God in grief

Yesterday afternoon my mom called me and told me that a close family friend, the son of my dad’s childhood best friend, had been in  a car accident and was on life support. He apparently took an exit ramp too quickly and rolled his car off of it. I’m still in shock a little bit and I still don’t quite know what to do. We used to see Brad and Sharon every summer as kids, they were like a second family. But once we all started graduating form high school (and various other life challenges, including teen pregnancy and the death of a loved one) we haven’t been very close in years. The last time I saw Brad was at his father’s wedding 3 years ago. so I have conflicting feelings about being so upset. I am upset because he has been a part of my life since before I was born, through the friendship that our dads share, but I didn’t know this Brad, so I feel like I shouldn’t be that upset for some reason. But I’m not going to concern myself with those feelings too much, I’m not going to let myself feel guilty for being upset, I’m not going to let myself feel guilty for going out to a movie with my mom and my brother and having fun. It’s still very hard to deal with, I almost broke down when I was talking to my boss this morning about how I’m going to need a day off this week because I’m going to have to go to a funeral in Detroit but I don’t know what day it’s going to be. I had to take a few minutes and leave my office because I started crying and couldn’t stop. I can’t eat because I’m so upset that no matter what I eat, it makes me sick. It’s just so hard to process this, I don’t know what to do with it. 

I do know that I am so thankful for my faith and my assurances from God about grief and death. My mom said yesterday that she didn’t know how people who don’t know God do it. I couldn’t imagine that. God’s promises are the only light spot I see in this horrible tragedy, I don’t know how people who don’t have faith don’t get swallowed up by all the darkness. While I am still working on growing my faith and my first reaction when I heard the news wasn’t to run to God, that’s what I’m doing now. I am trusting in the strong arms of my Heavenly Father to get me through this and to help me to be a strong support to Chris (Brad’s dad) and to Sharon (Brad’s sister) who is estranged from her father. We are believing that through this tragedy, their relationship will begin to repair and they will cling to each other for support through this awful time. 

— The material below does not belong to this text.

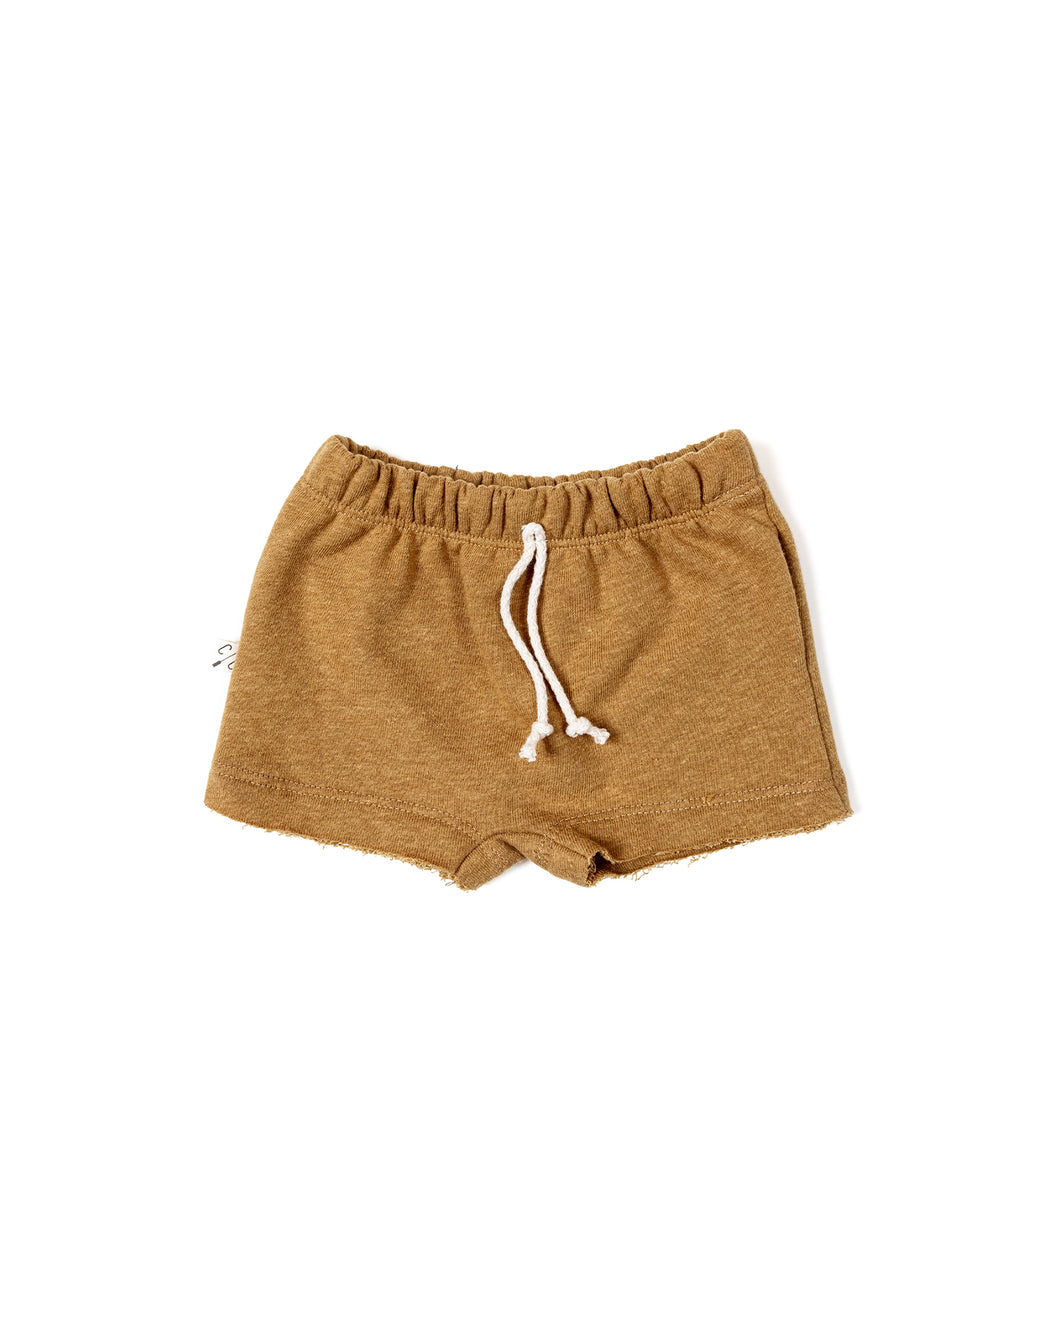 boy shorts - wheat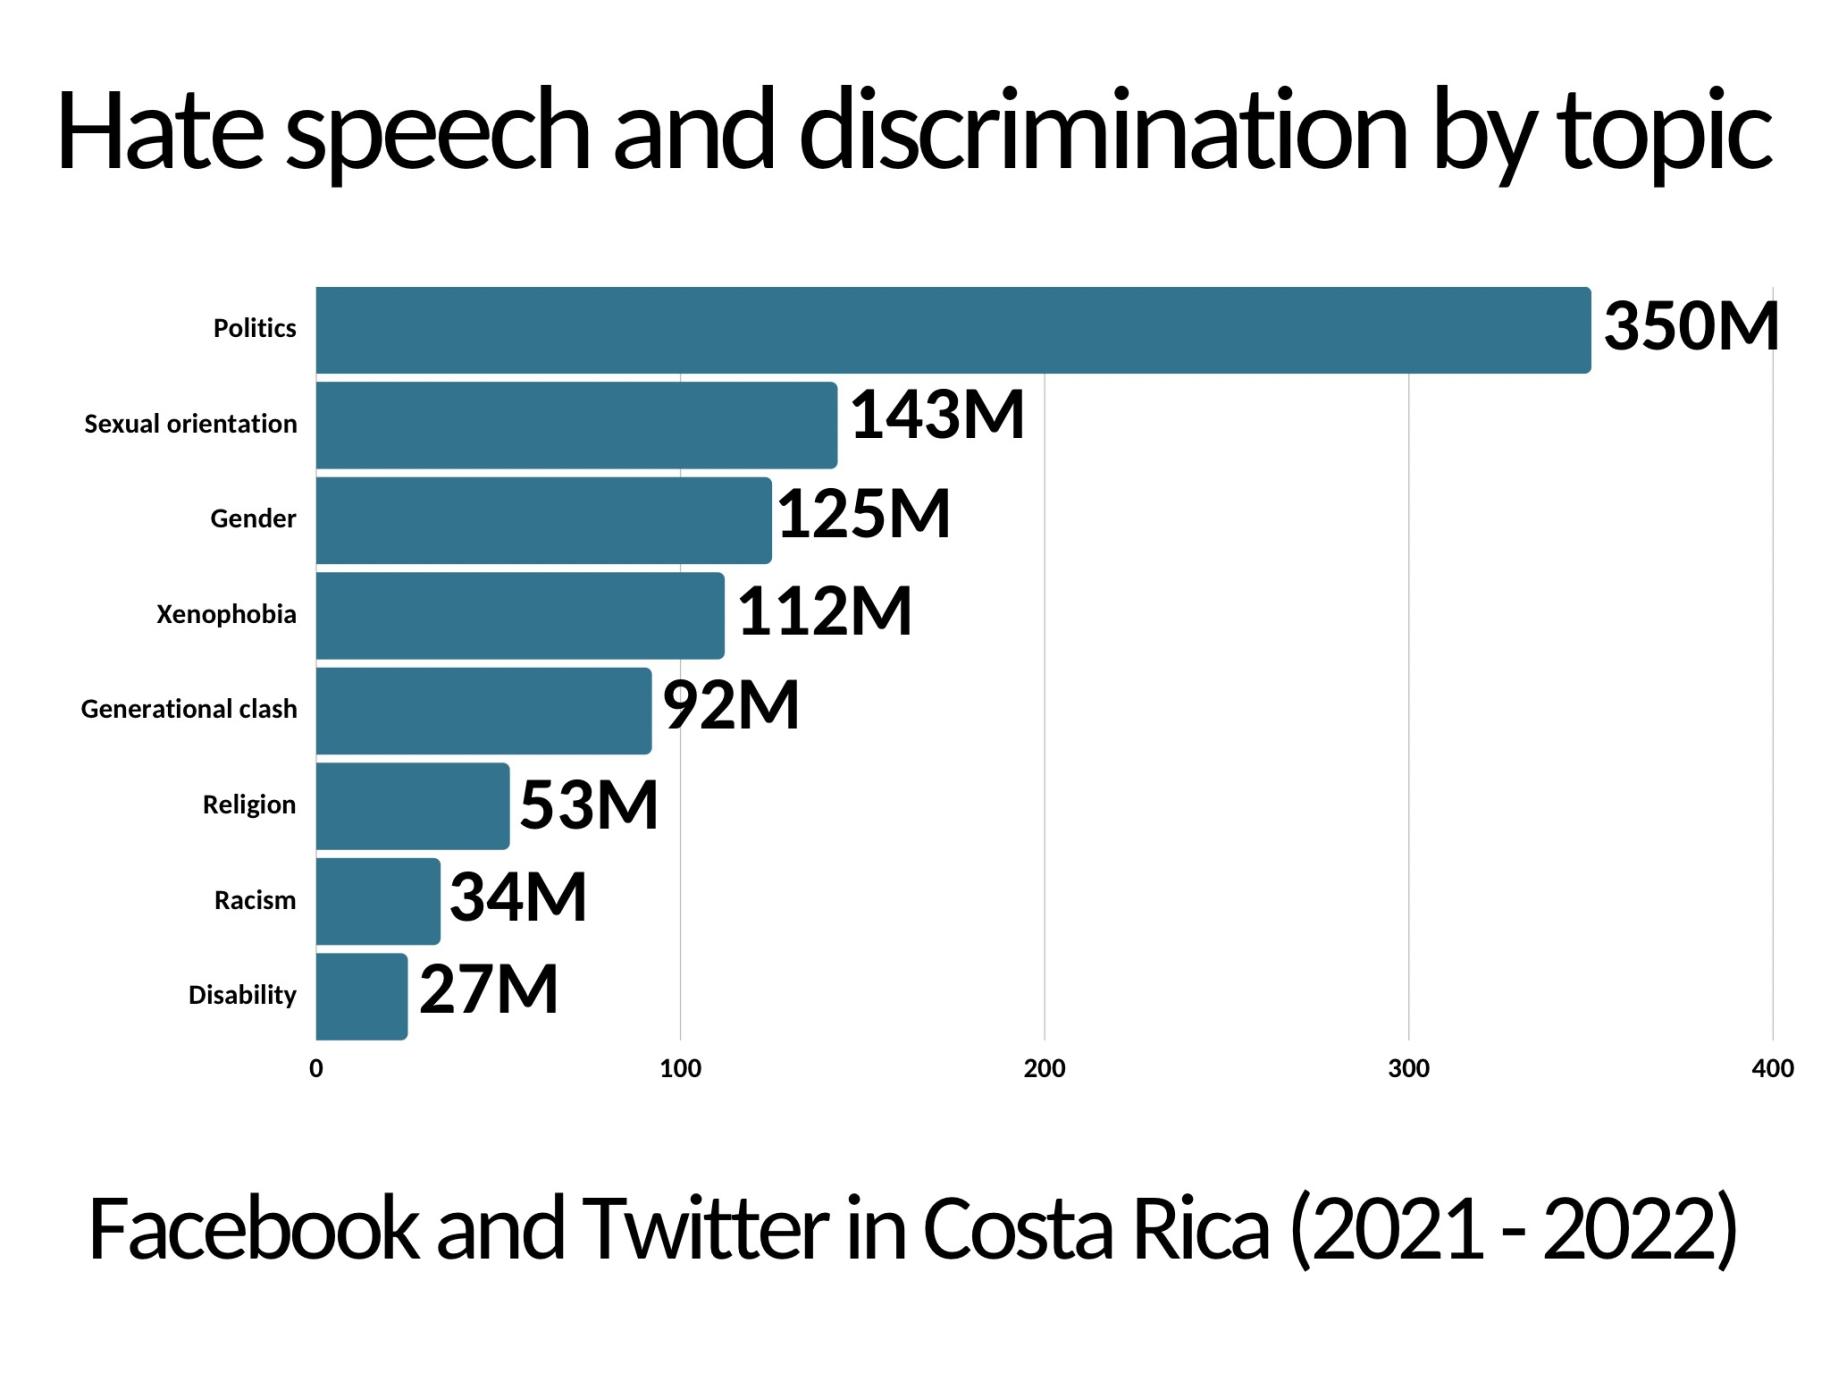 أرقام حول خطاب الكراهية والتمييز بحسب الموضوع.

I have been looking up verses to help me when I start to feel sad and can feel the tears starting to well up so that I can rest in God’s peace and in His promises.

“Blessed are those who mourn, for they will be comforted.” Matthew 5:4

“Praise be to the God and Father of our Lord Jesus Christ, the Father of compassion and the God of all comfort, who comforts us in all our troubles, so that we can comfort those in any trouble with the comfort we ourselves receive from God.” 2 Corinthians 1:3-4

“So do not fear, for I am with you; do not be dismayed, for I am your God. I will strengthen you and help you’ I will uphold you with my righteous right hand.” Isaiah 41:10

“When you pass through the waters, I will be with you; and when you pass through the rivers, they will not sweep over you. When you walk through the fire, you will not be burned; the flames will not set you ablaze.” Isaiah 43:2

“You, Lord, keep my lamp burning; my God turns my darkness into light.” Psalm 18:28

“God is our refuge and strength, an ever-present help in trouble. Therefore we will not fear, though the earth give way and the mountains fall into the heart of the sea.” Psalm 46:1-2

“He will wipe every tear from their eyes. There will be no more death or mourning or crying or pain, for the old order of things has passed away.” Revelation 21:4

“My comfort in my suffering is this: Your promise preserves my life.” Psalm 119:50

“I consider that our present sufferings are not worth comparing with the glory that will be revealed in us.” Romans 8:18

“The Lord is my rock, my fortress, and my deliverer; my God is my rock, in whom I take refuge, my shield and the horn of my salvation, my stronghold.” Psalm 18:2

“Even though I walk through the darkest valley, I will fear no evil, for you are with me; your rod and your staff, they comfort me.” Psalm 23:4

“My flesh and my heart may fail, but God is the strength of my heart and my portion forever.” Psalm 73:26

“The Lord is close to the brokenhearted and saves those who are crushed in spirit.” Psalm 34:18

This is a pain that I don’t even think a tattoo could come close to healing right now. My heart and my soul are hurting and I don’t know what to do about it. I am just waiting to hear about when we will be traveling up to Detroit. And buying good quality waterproof mascara.